Viterbo – Ho appreso con vero piacere, da Tusciaweb, che alcuni cittadini si stanno interessando alla possibile riunificazione del complesso conventuale di San Francesco alla Rocca di Viterbo, con valide proposte di utilizzo, per quanto riguarda la parte utilizzata dal demanio dello Stato – ramo difesa (fotocronaca – slide).
Li ringrazio tutti tantissimo e ringrazio anche il consigliere comunale Aldo Fabbrini che, con la presentazione di un suo progetto al sindaco, sta avviando un procedimento amministrativo di coinvolgimento dei parlamentari viterbesi e non solo per la soluzione dell’annoso problema.
In qualità di parroco della basilica di San Francesco debbo dire, in verità, che la provincia dell’ordine dei frati minori conventuali del Lazio, unitamente al ministro generale dell’ordine dei frati minori conventuali, non ha mai cessato di rivendicare la riconsegna del convento, del chiostro, degli altri locali e delle altre aree del complesso conventuale oggi ancora occupate dal comando Aves di Viterbo – Caserma Bazzichelli.
Ampia documentazione, per il rientro in possesso degli immobili, fu da noi presentata alle autorità competenti anche nel 1992 proprio in occasione della cessazione dell’attività dell’ex distretto militare che prima occupava questi spazi.

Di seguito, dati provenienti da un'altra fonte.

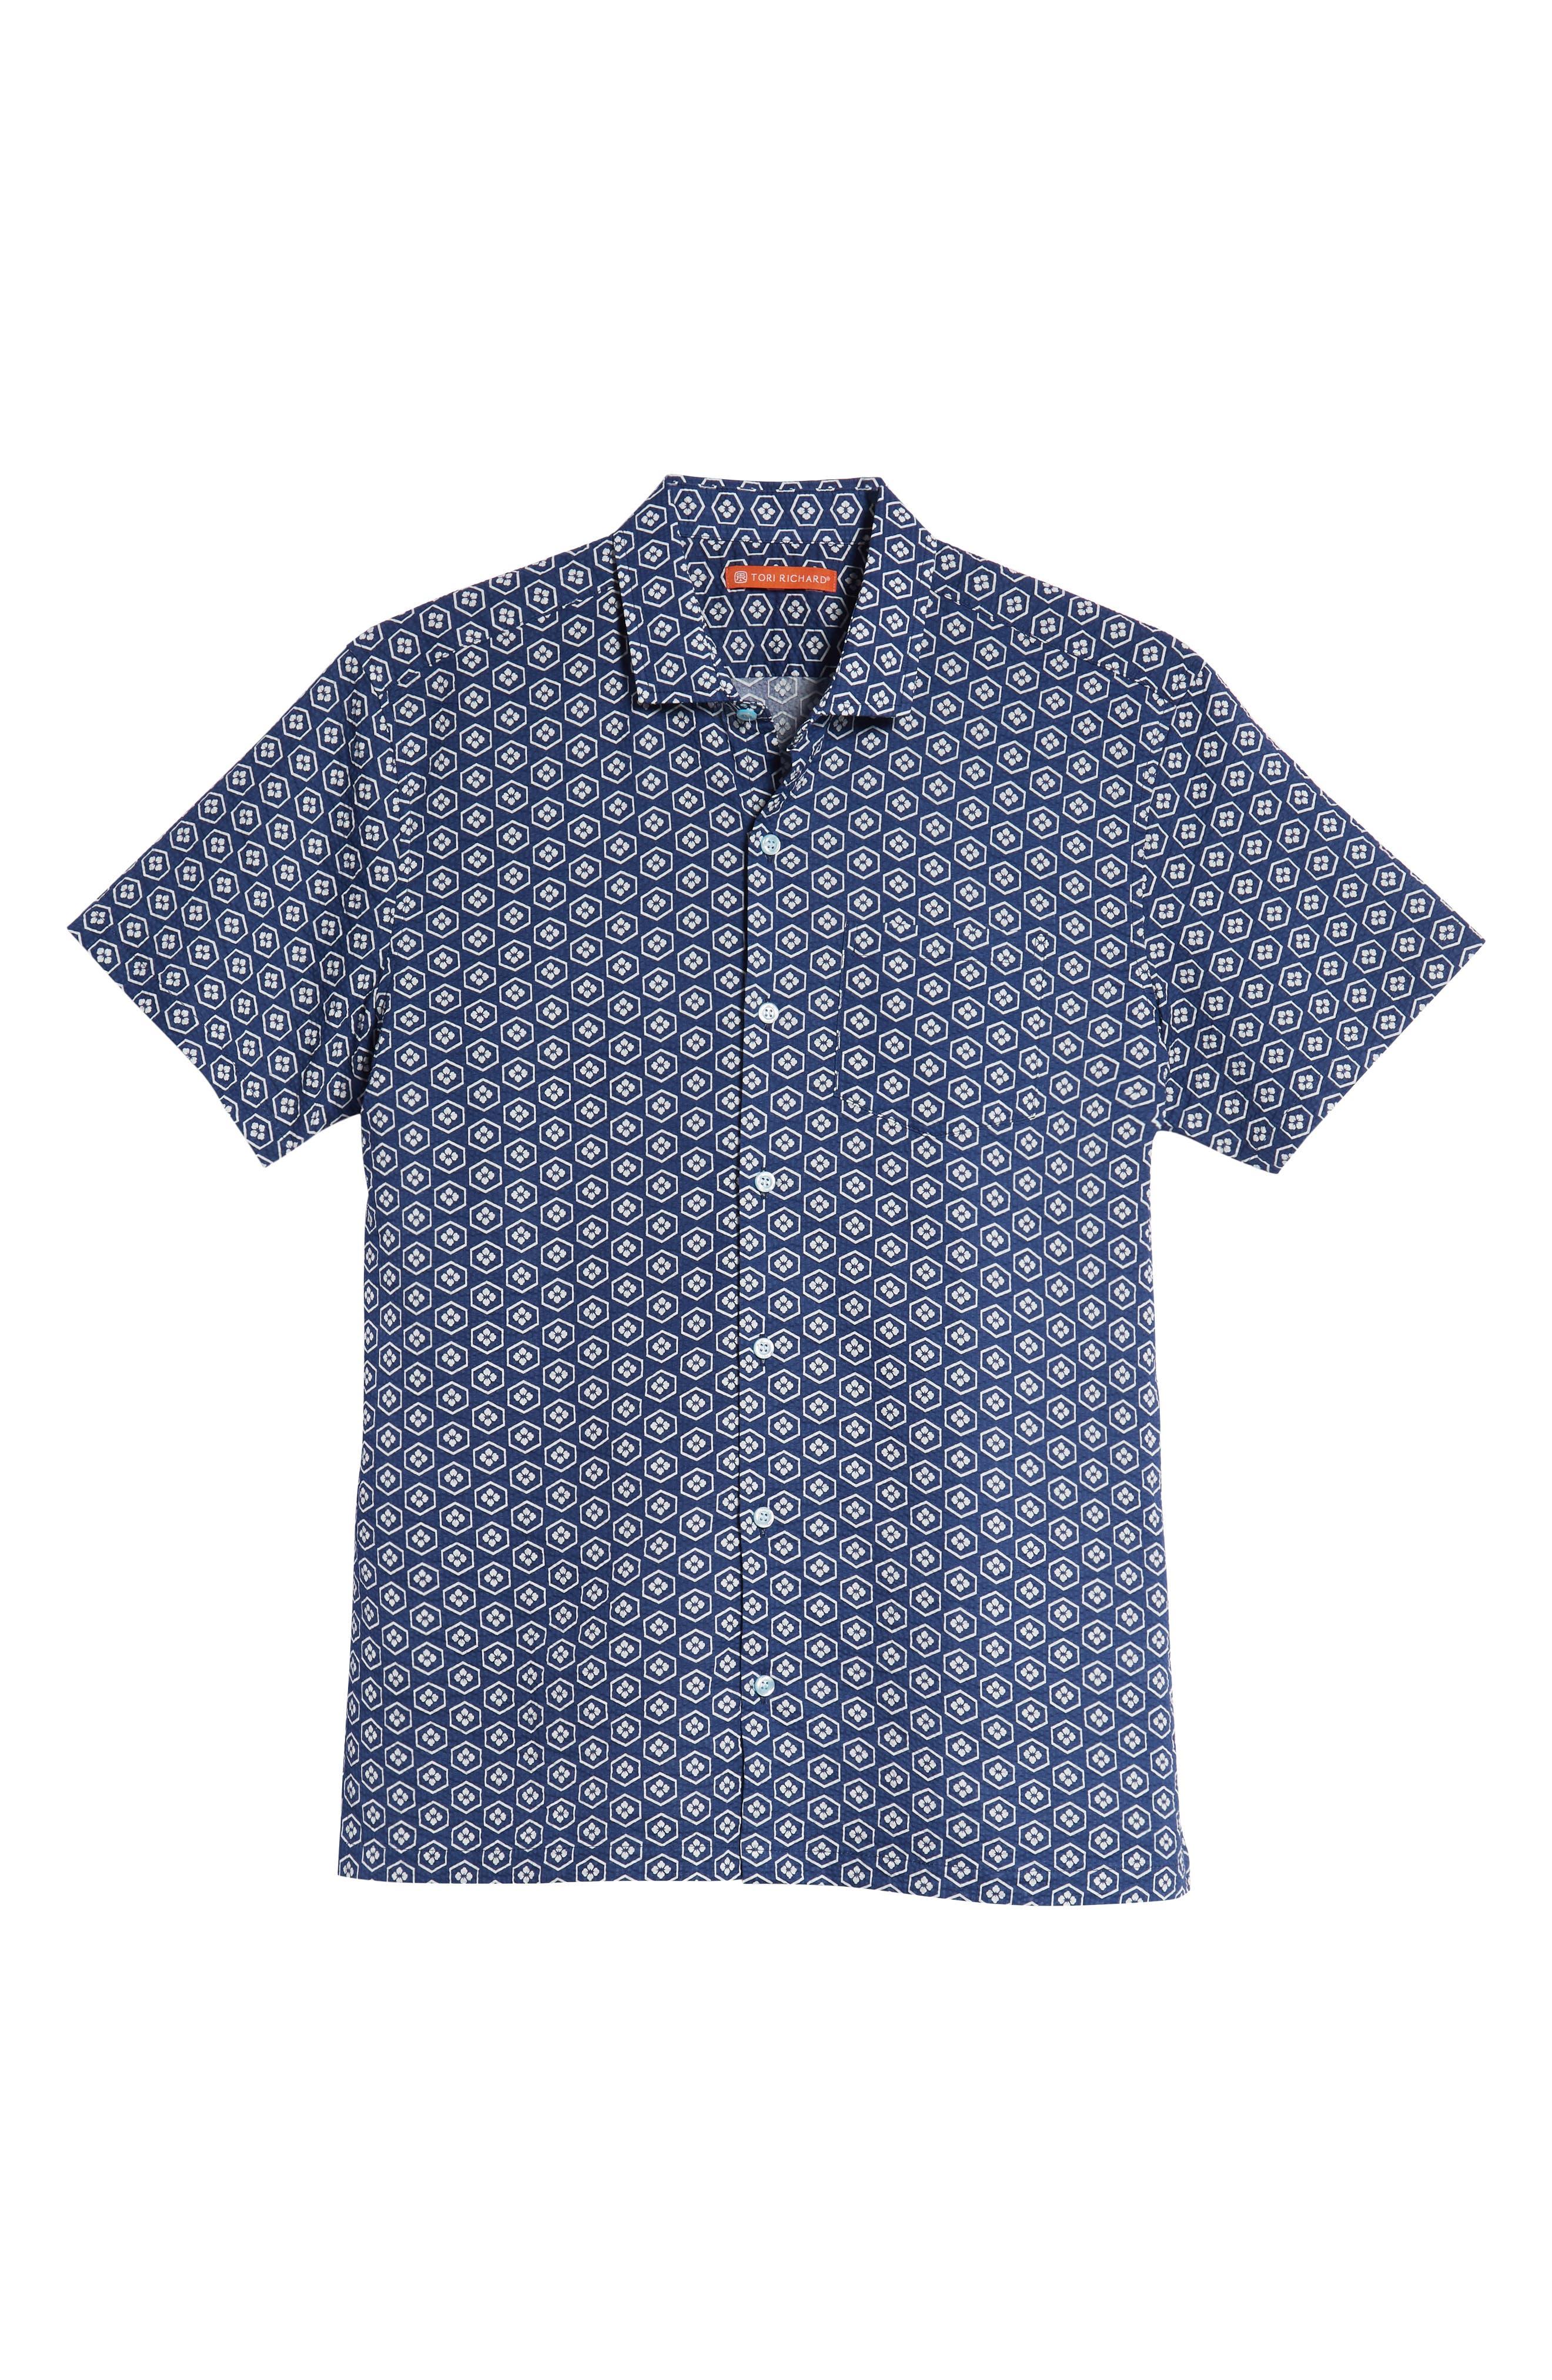 Regular Fit Print Sport Shirt,                             Alternate thumbnail 5, color,                             415

Spero che questa sia la volta buona anche perché, in passato, l’autorità pubblica da noi sollecitata aveva manifestato ampia disponibilità, che non è scattata soltanto per ragioni militari, alla riunificazione di tutto il complesso monumentale nazionale di San Francesco alla Rocca.
Mi preme ricordare, anche in questa occasione, alcune delle buone ragioni di questa possibile operazione di recupero.
Ragioni Storiche
L’ordine Francescano vanta sette secoli di storia, e di ricordi, di tutto il complesso al quale si desidera ridare quella funzione culturale francescana che lo ha contraddistinto sempre nei secoli passati. E’ nostra intenzione, inoltre, riaprire ed allargare lo spazio per il museo d’arte moderna e contemporanea, lo spazio per l’archivio e lo spazio per la Biblioteca Interprovinciale che ha raccolto, nella nostra sede viterbese, tutto il materiale librario e archivistico di un grande numero di conventi del Lazio appartenenti alla provincia romana frati minori conventuali. Si tratta di circa 40 mila volumi e circa 60 mila esemplari di documenti.

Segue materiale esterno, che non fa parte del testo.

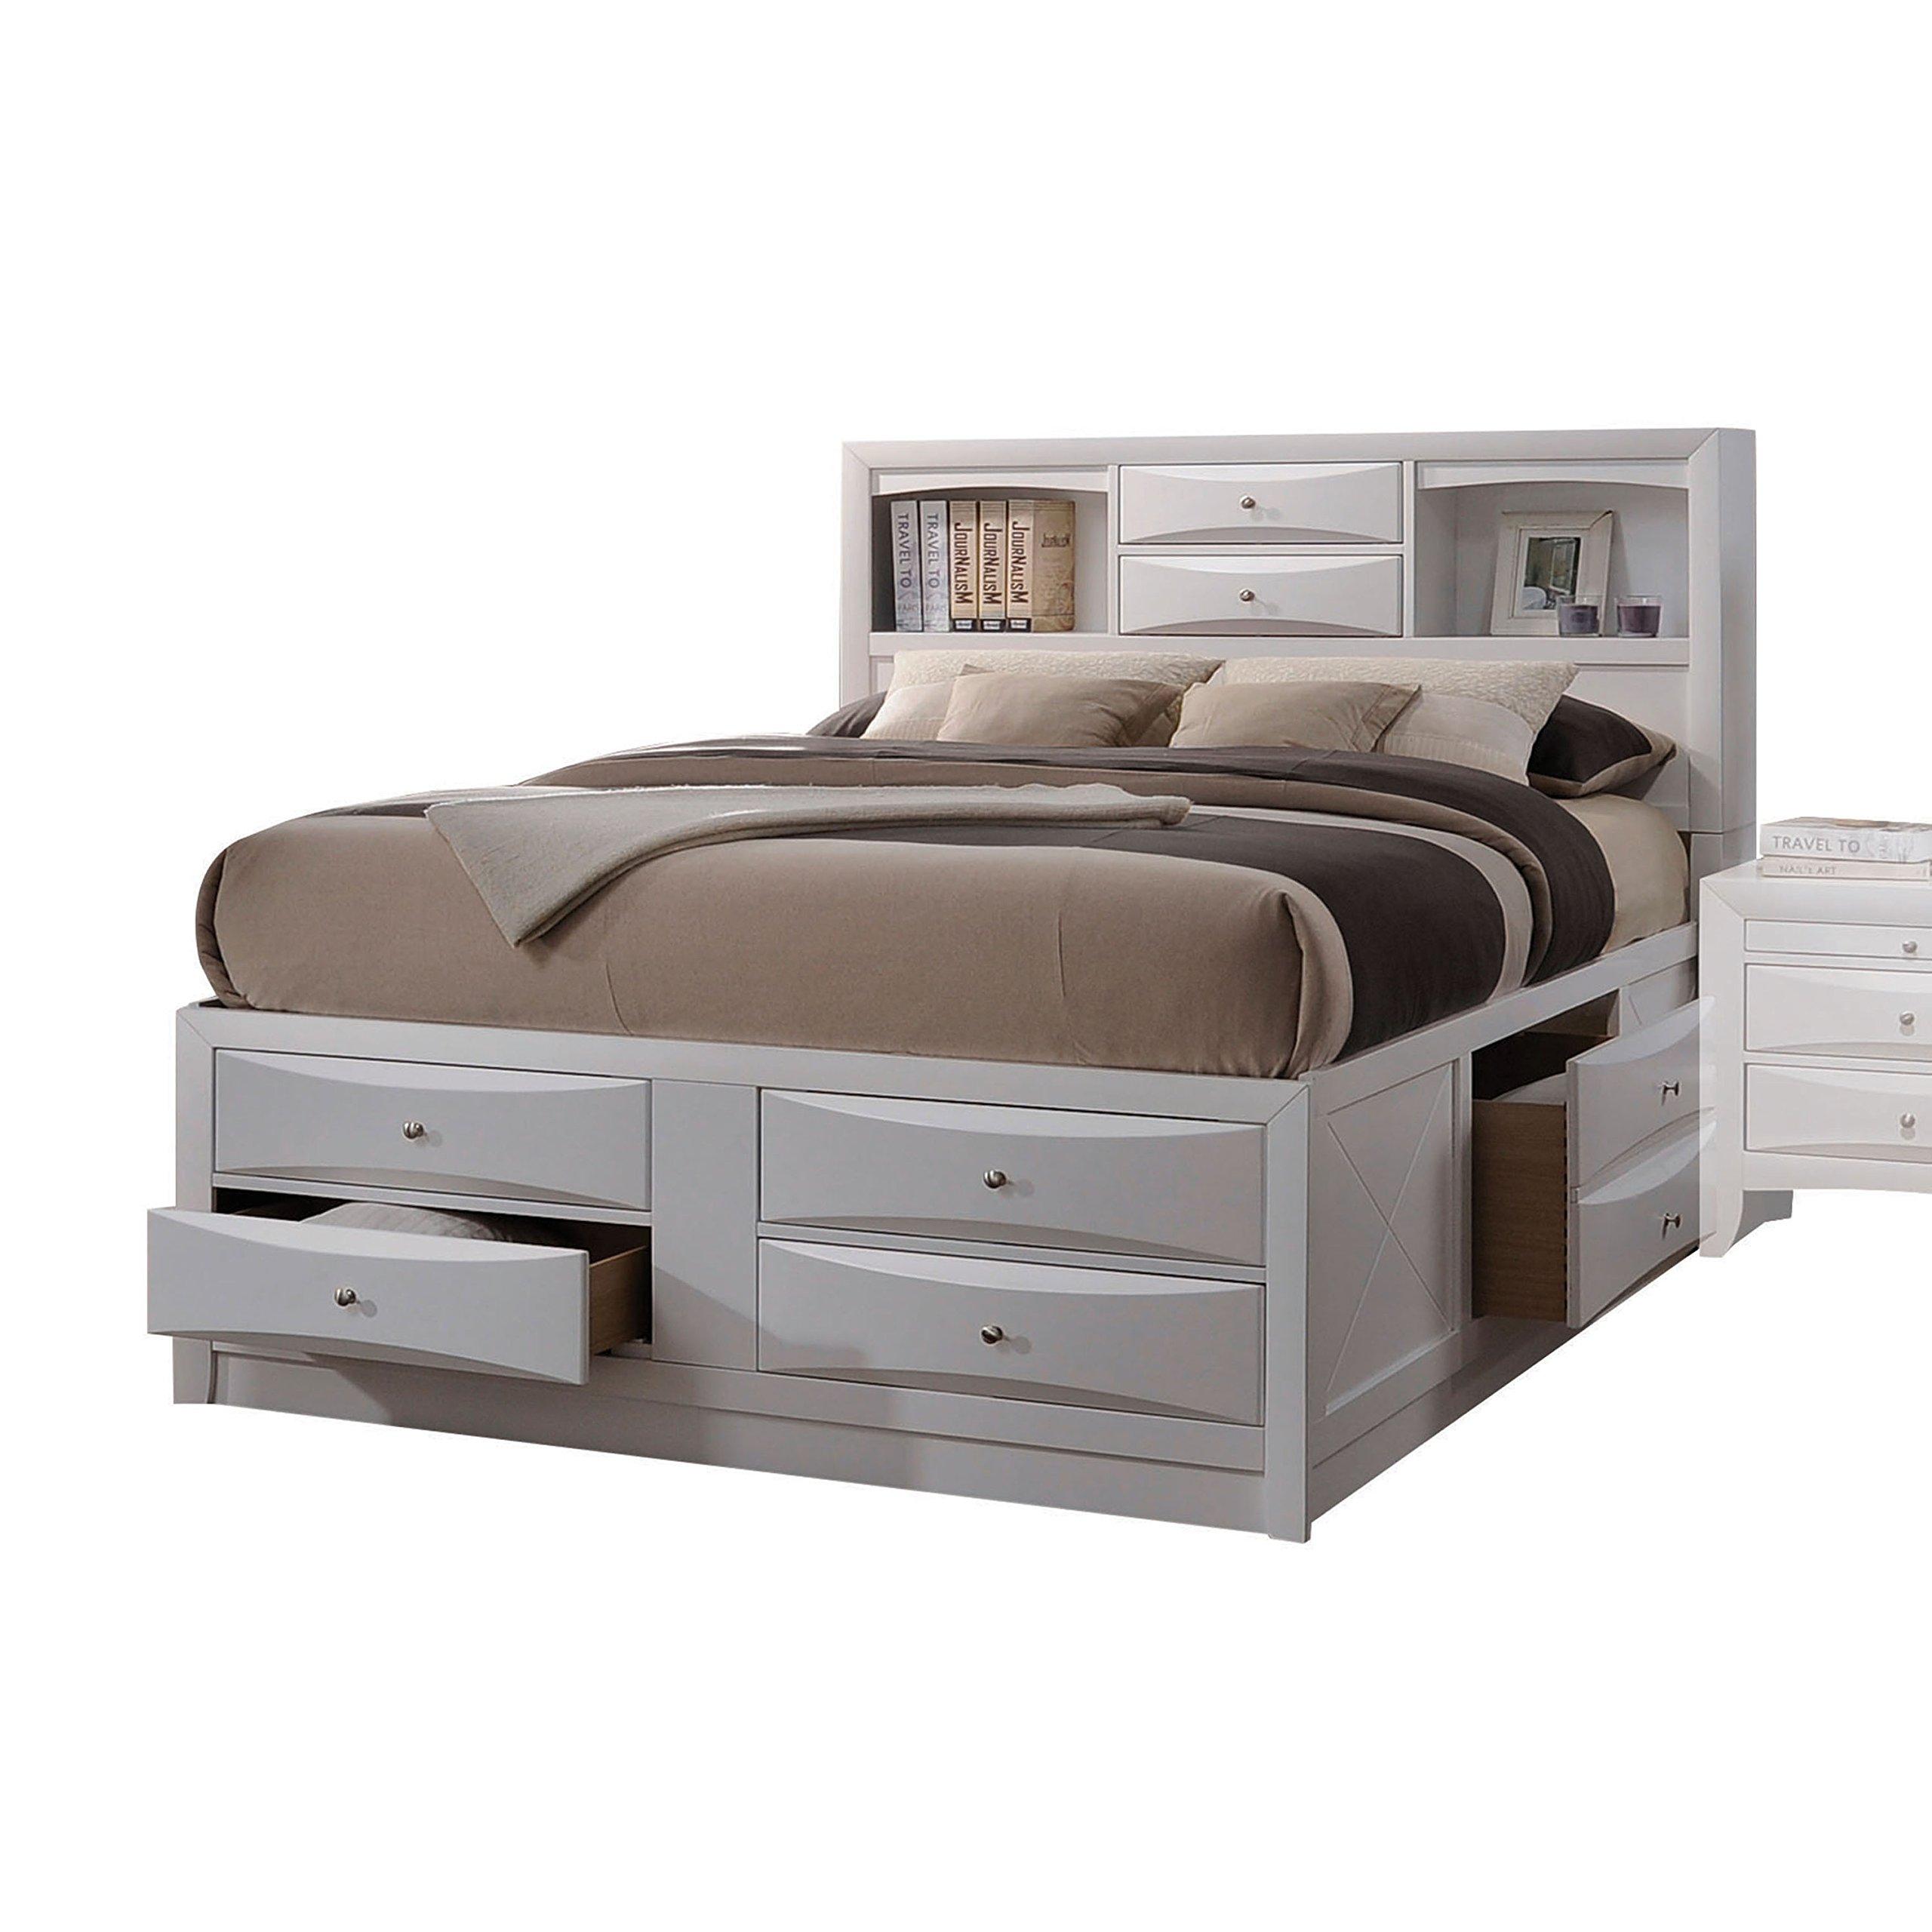 Acme Furniture Ireland 21696EK Eastern King Bed with Storage, White

Ragioni funzionali – architettoniche
Per come è organizzata oggi la struttura conventuale viterbese i disagi sono enormi. Per entrare nelle abitazioni dei religiosi, nella biblioteca, nell’archivio e nel museo, l’ingresso è soltanto dalla chiesa. Manca un’entrata dedicata come quella che esisteva anticamente ed inoltre è venuto a mancare il raccordo che è sempre esistito nell’architettura conventuale tra chiesa, chiostro e convento.
Ragioni di valorizzazione
Con la riunificazione di tutti gli spazi dell’antico complesso conventuale verrebbe maggiormente valorizzato il convento francescano dove hanno vissuto 32 papi e quindi si darebbe anche una più degna sistemazione ed uso a quelli che erano chiamati gli “ambienti papali” o “stanze del papa”. In chiesa sono i mausolei dei papi Adriano V e Clemente IV e le tombe di 9 cardinali.
Museo d’arte contemporanea
Un discorso a parte meritano le circa 160 opere d’arte contemporanea, realizzate da 92 artisti diversi, di nostra proprietà, che oggi sono chiuse in una camera blindata e allarmata ma che avrebbero bisogno di spazio per una giusta fruibilità ad appassionati, studiosi e turisti, che vengono a far visita alla basilica e a tutto il Monumento Nazionale di San Francesco.
Inoltre ridare la fruibilità pubblica ad ambienti e superfici appartenuti nei secoli passati ai francescani, oggi ancora occupati per uso militare, significherebbe anche creare occupazione con nuovi posti di lavoro, tra gli altri, negli spazi museali, nella biblioteca e nella gestione dei parcheggi.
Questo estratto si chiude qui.